── Recorded information ──

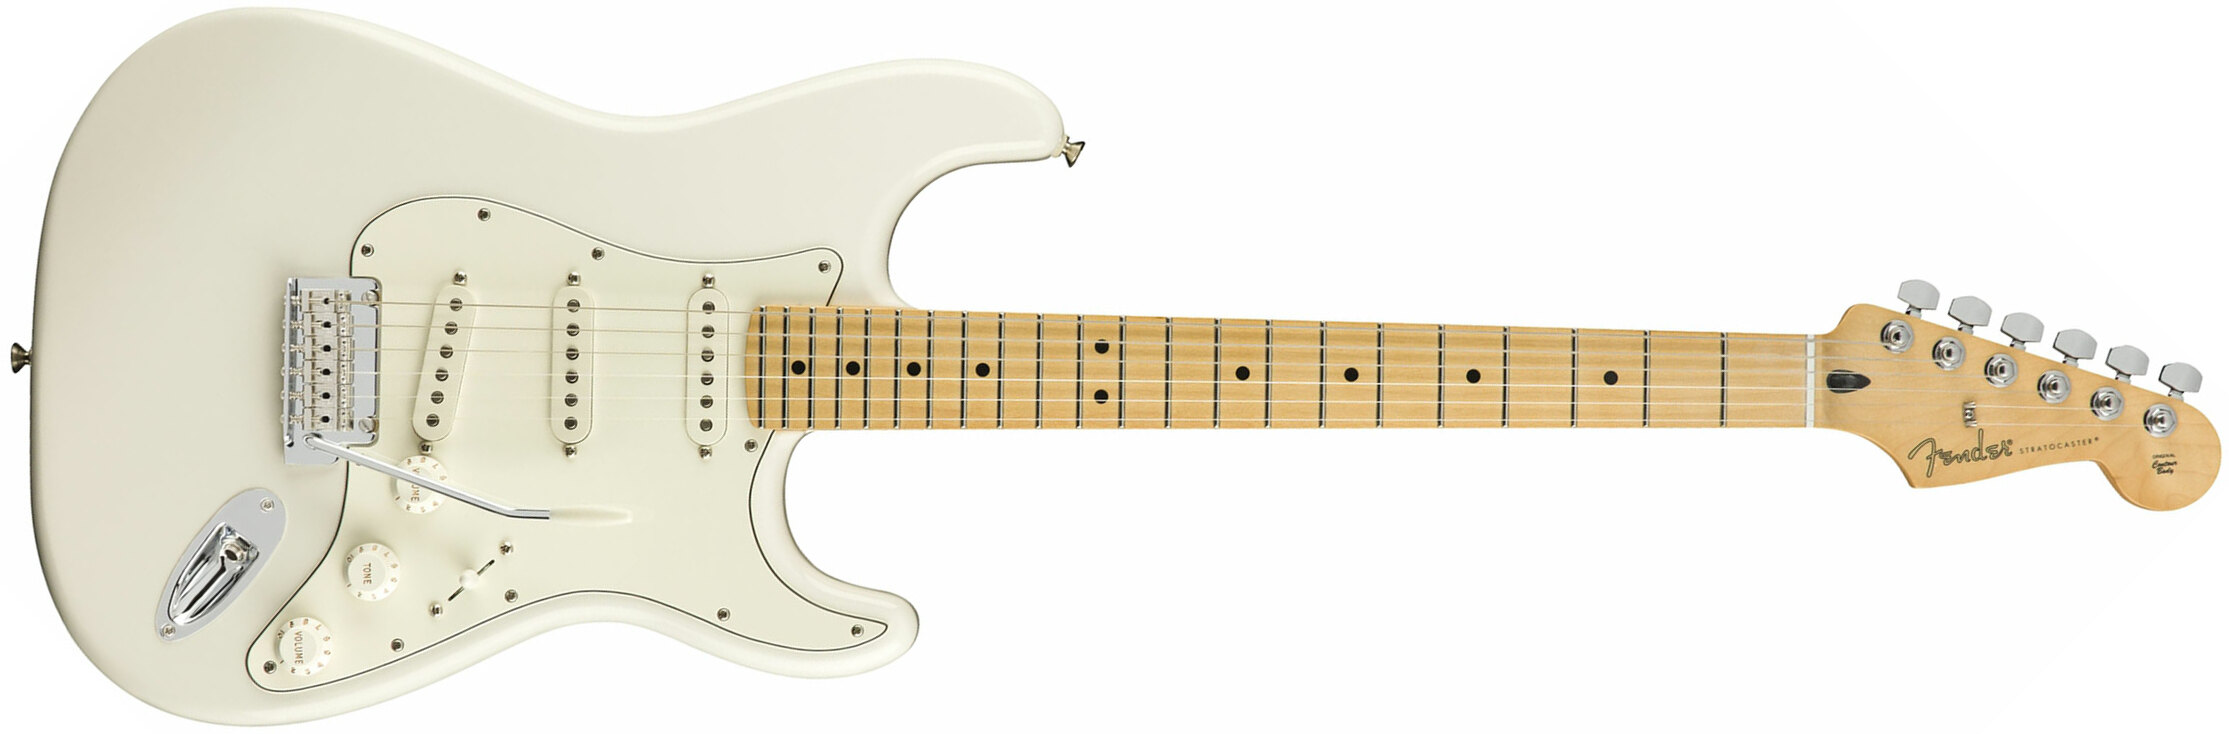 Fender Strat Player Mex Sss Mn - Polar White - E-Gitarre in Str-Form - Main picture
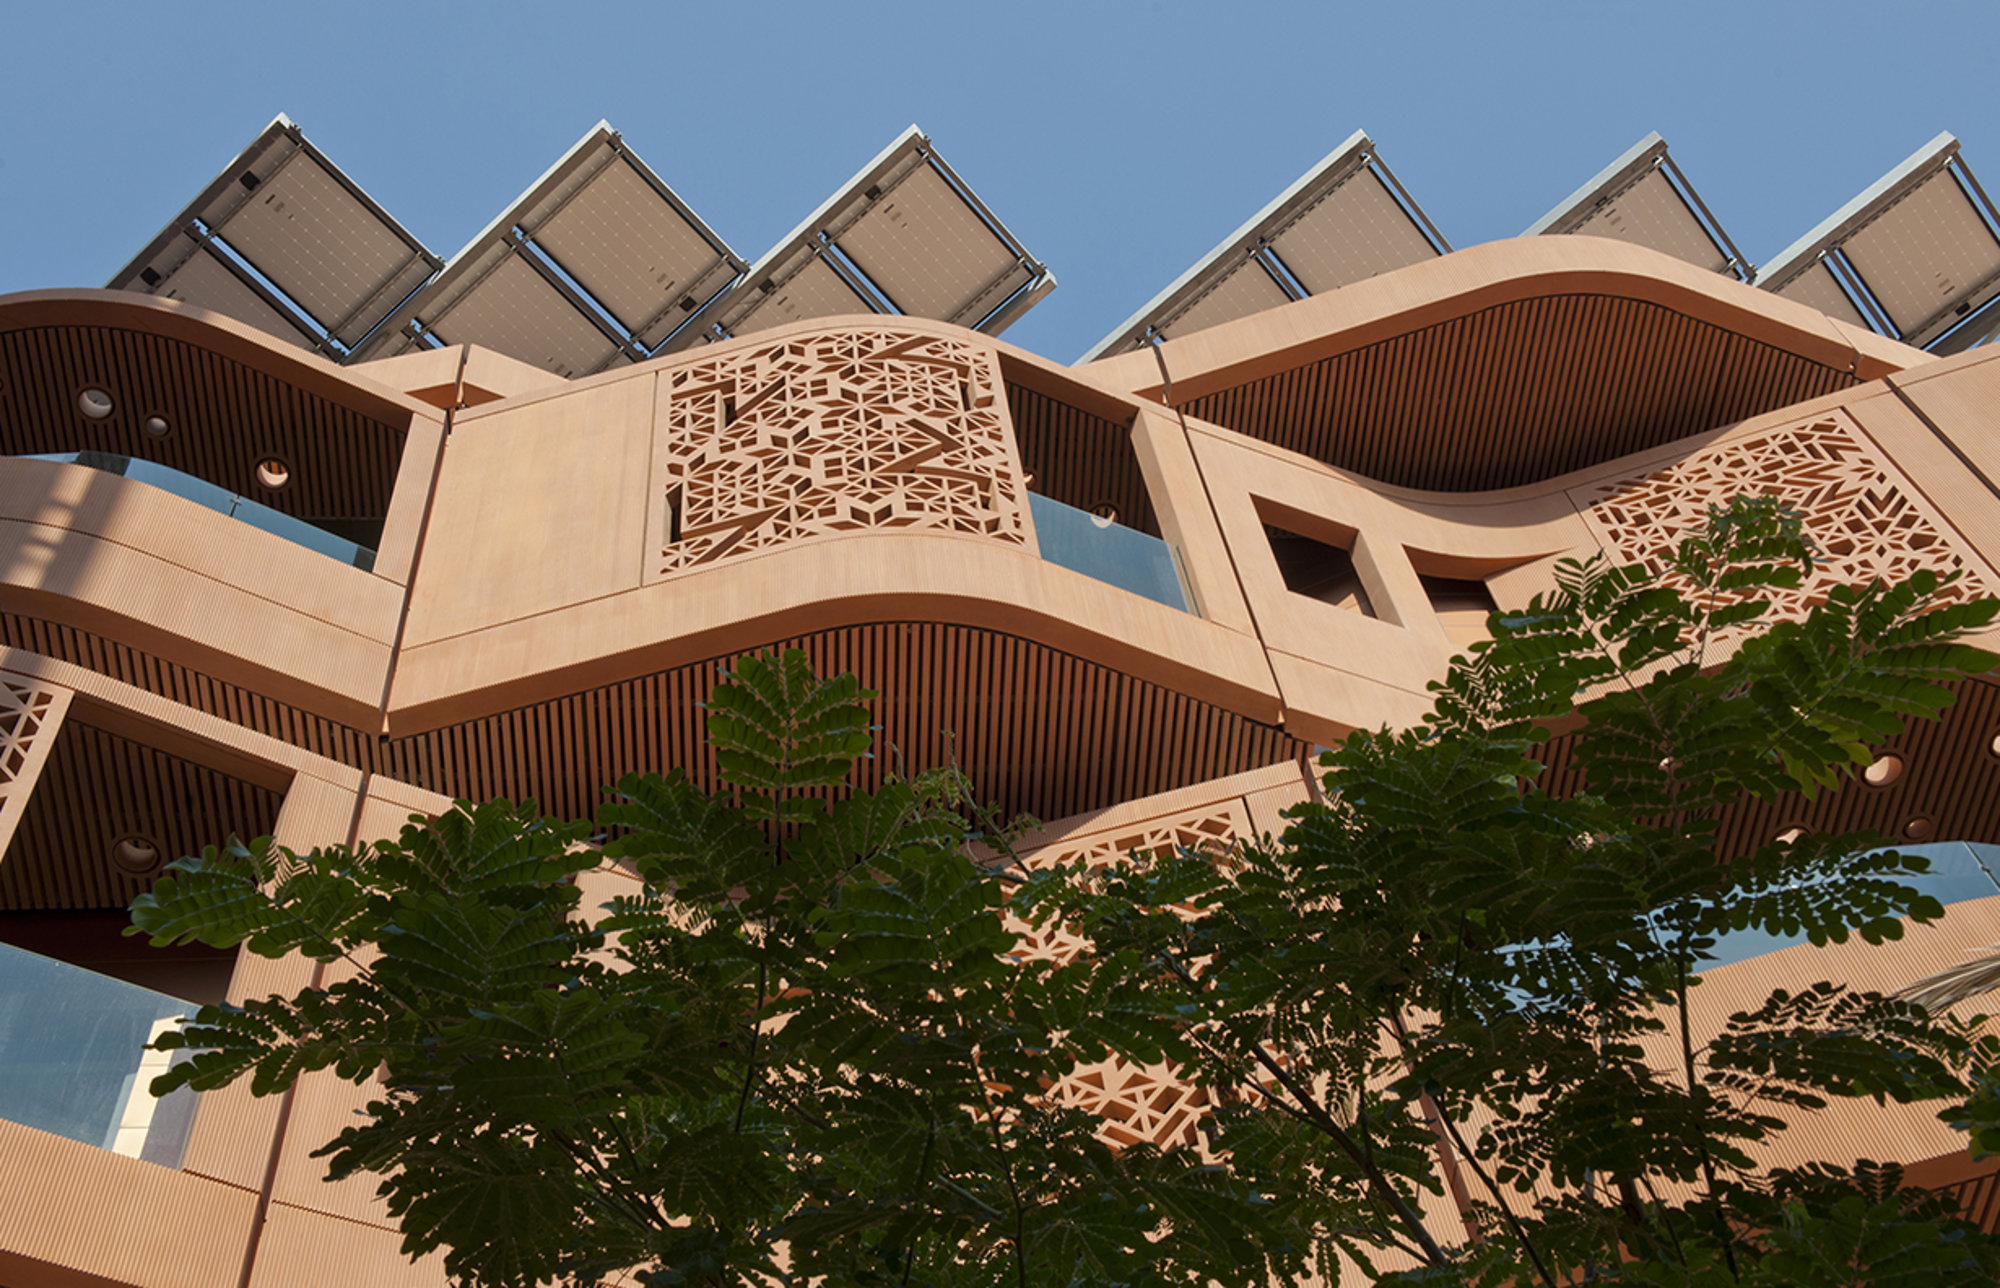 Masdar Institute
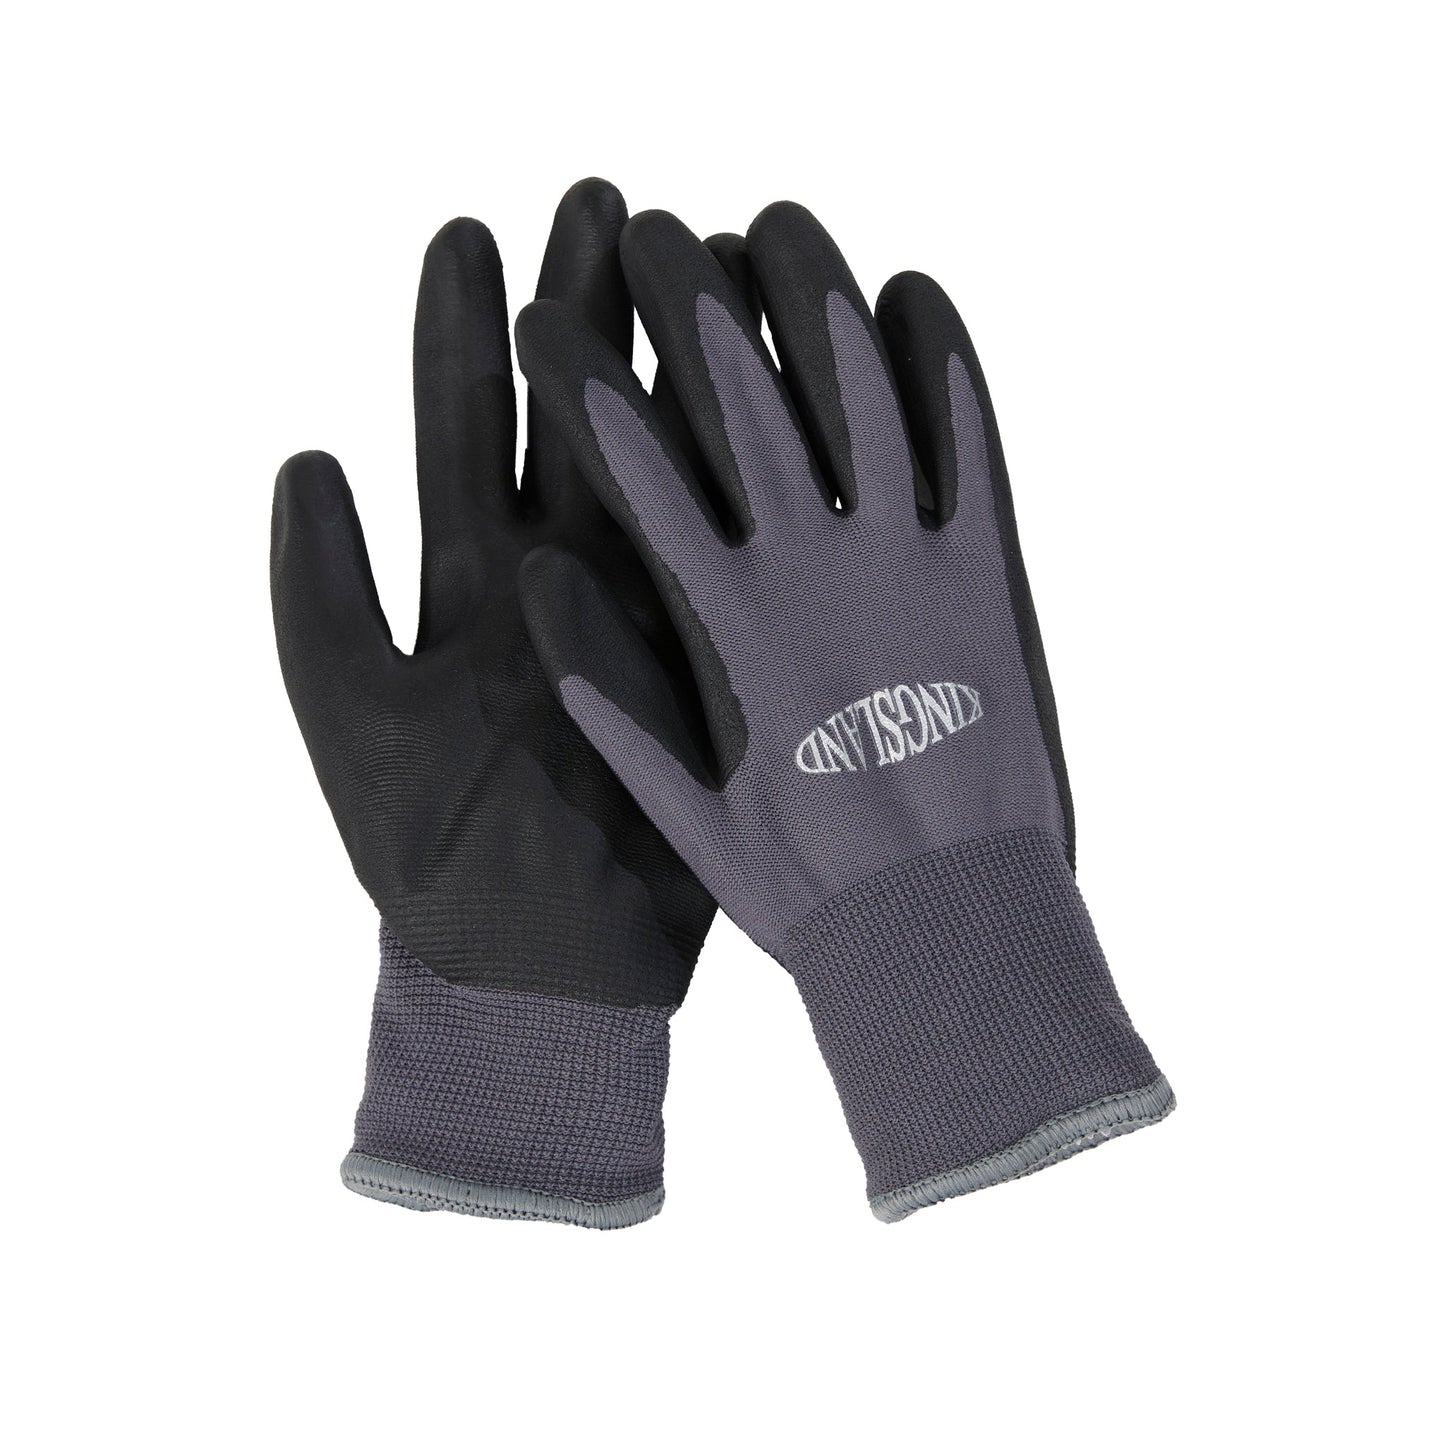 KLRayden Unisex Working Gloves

───

→ Task
Please output the material above unchanged, apart from removing the pictures.

→ Solved problem
 Fender Strat Player Mex Sss Mn - Polar White - E-Gitarre in Str-Form - Main picture
 Masdar Institute
 KLRayden Unisex Working Gloves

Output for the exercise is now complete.